SkyImageNet: Towards a large-scale sky image dataset for solar power forecasting (Proposals Track)
Yuhao Nie (Massachusetts Institute of Technology); Quentin Paletta (European Space Research Institute); Sherrie Wang (MIT)
Abstract
The variability of solar photovoltaic (PV) output, particularly that caused by rapidly changing cloud dynamics, challenges the reliability of renewable energy systems. Solar forecasting based on cloud observations collected by ground-level sky cameras shows promising performance in anticipating short-term solar power fluctuations. However, current deep learning methods often rely on a single dataset with limited sample diversity for training, and thus generalize poorly to new locations and different sky conditions. Moreover, the lack of a standardized dataset hinders the consistent comparison of existing solar forecasting methods.

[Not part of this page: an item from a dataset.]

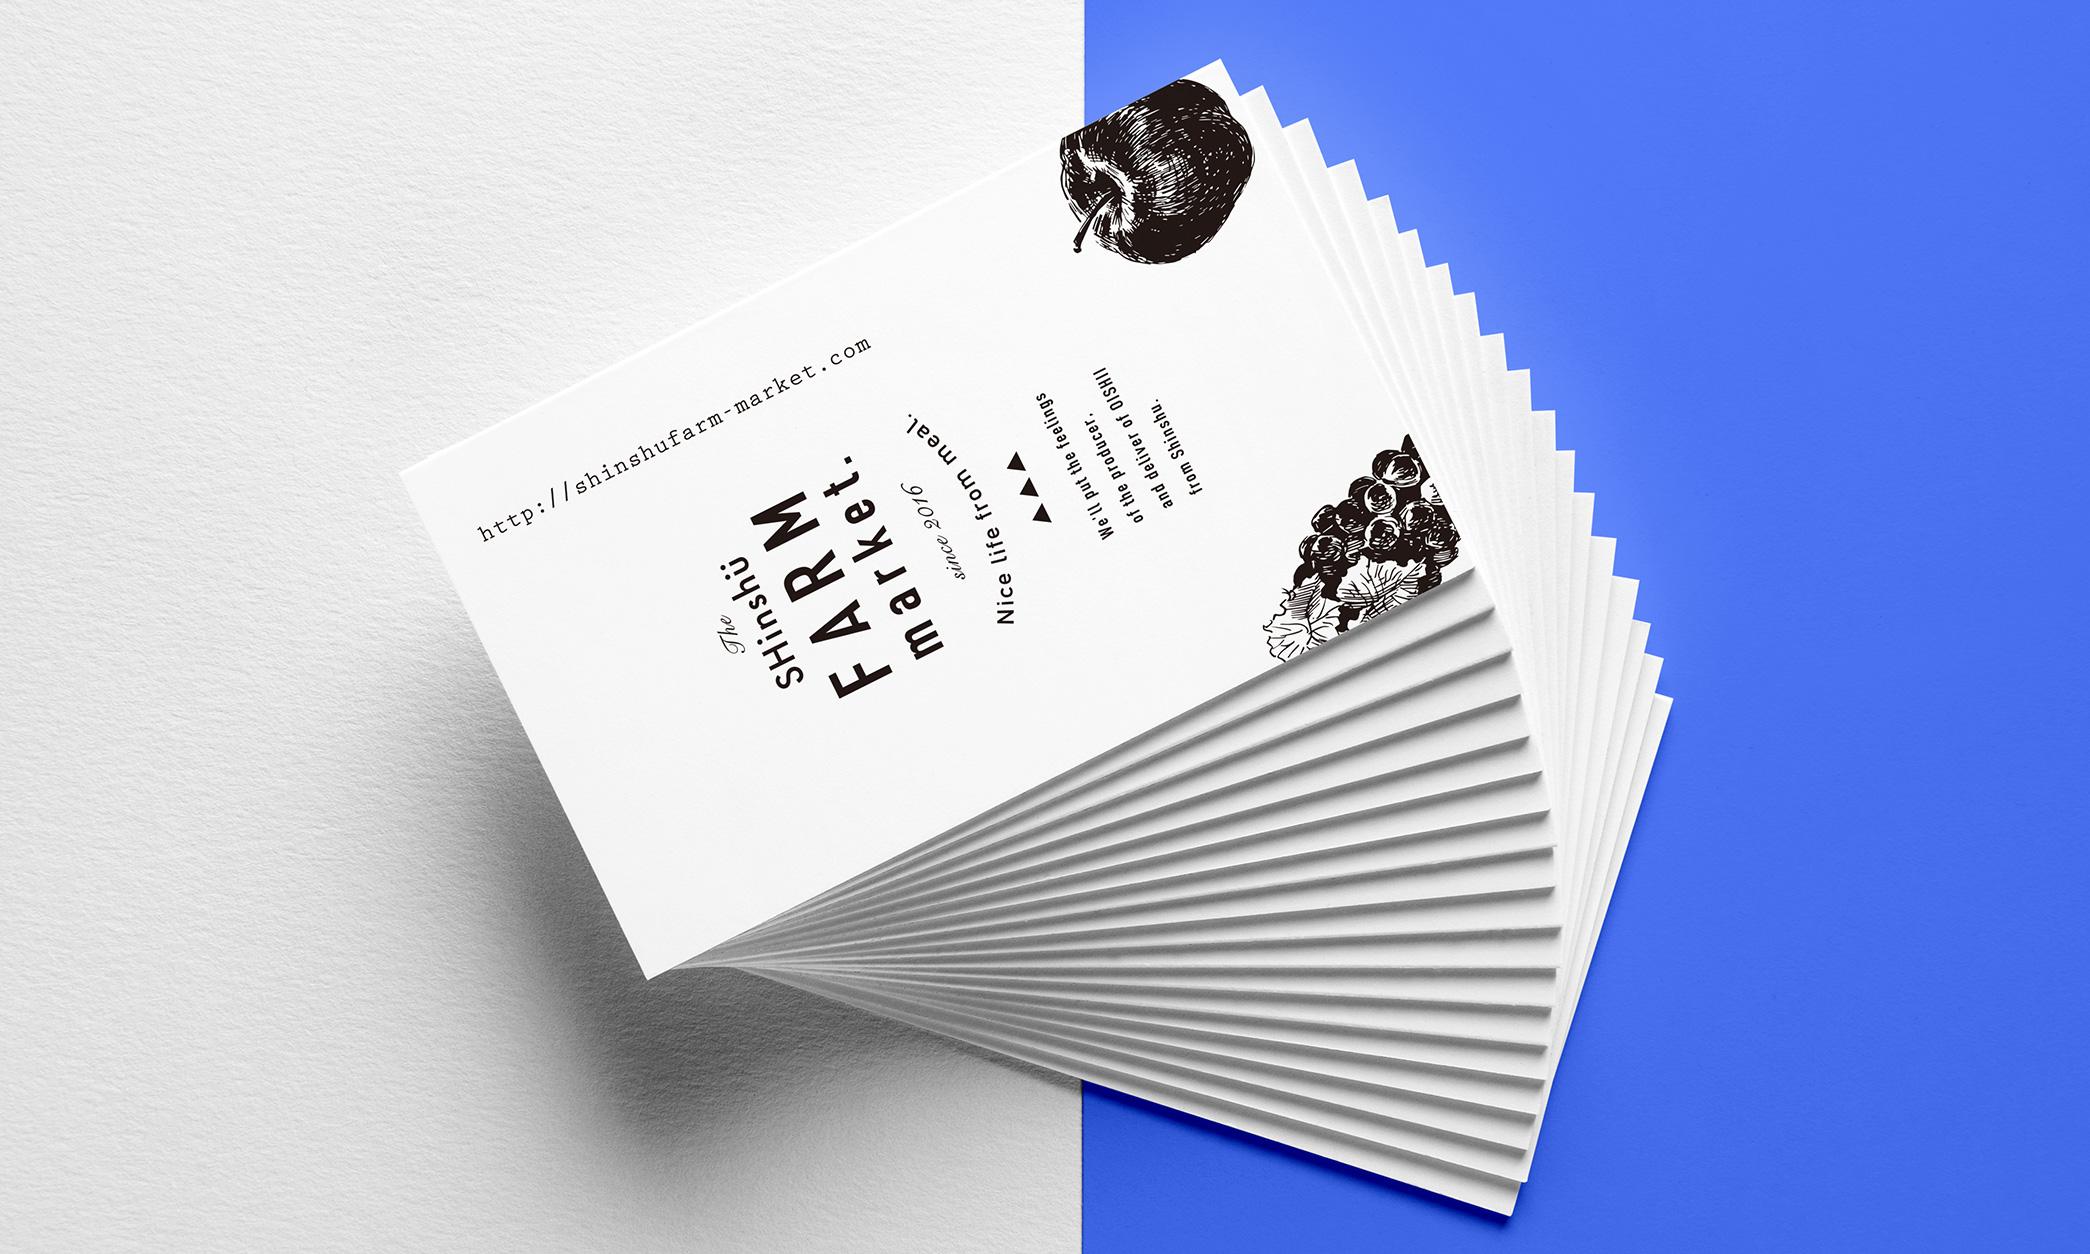 ショップカード制作|長野(長野市・松本市)・東京・金沢(石川)のデザイン事務所 アプリコットデザイン
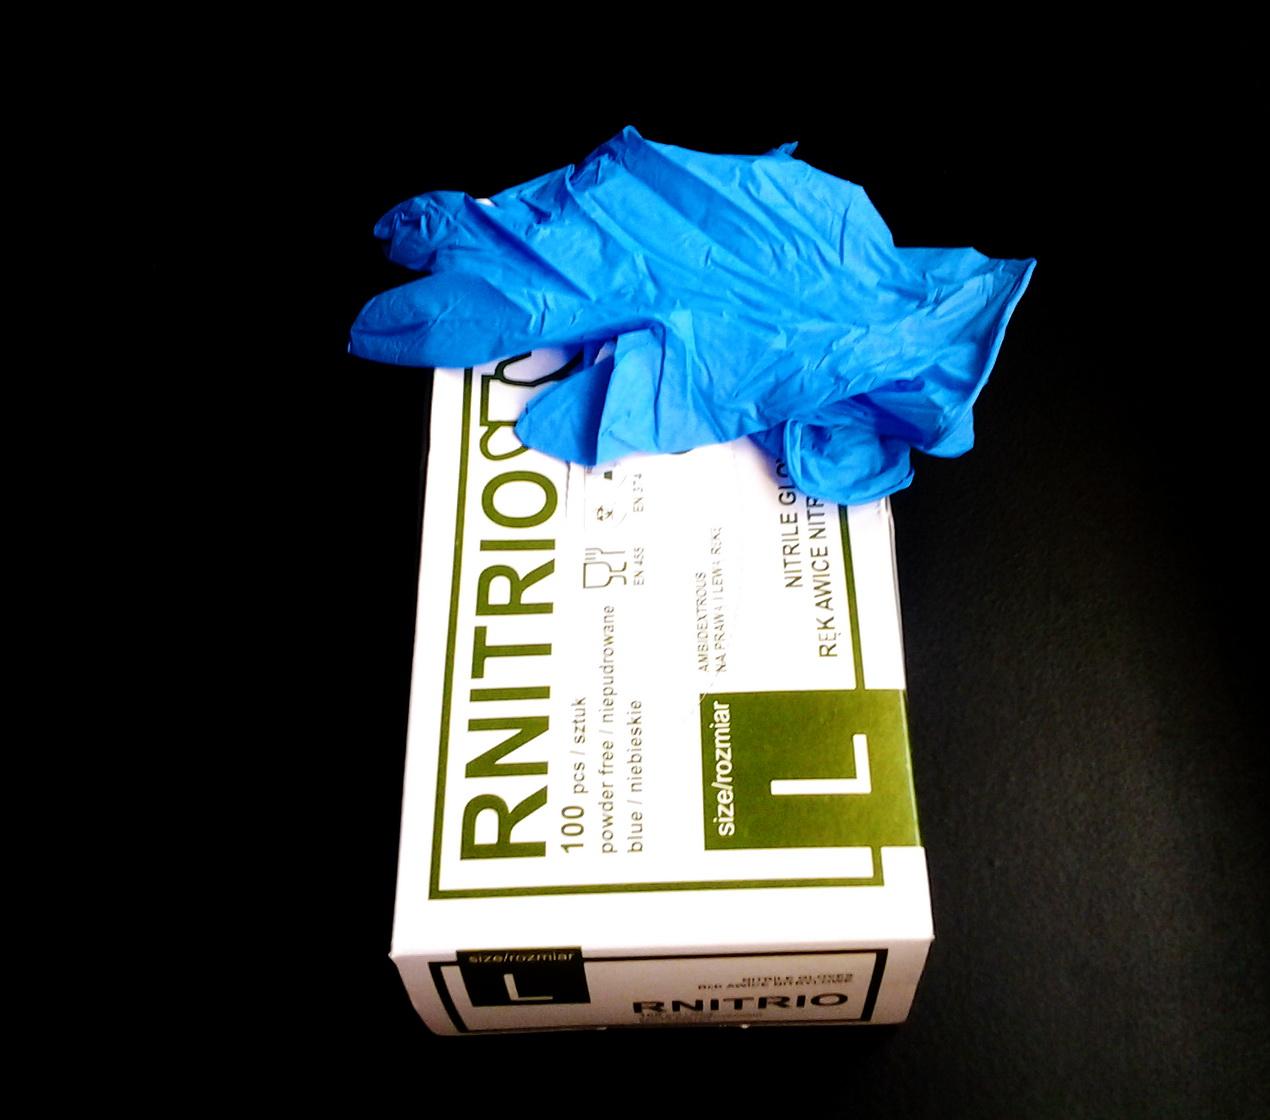 Медицина Rnitrio

To close these gaps, we propose to build a large-scale standardized sky image dataset --- SkyImageNet --- by assembling, harmonizing, and processing suitable open-source datasets collected in various geographical locations. An accompanying python package will be developed to streamline the process of utilizing SkyImageNet in a machine learning framework. We hope that the outcomes of this project will foster the development of more robust forecasting systems, advance the comparability of short-term solar forecasting model performances, and further facilitate the transition to the next generation of sustainable energy systems.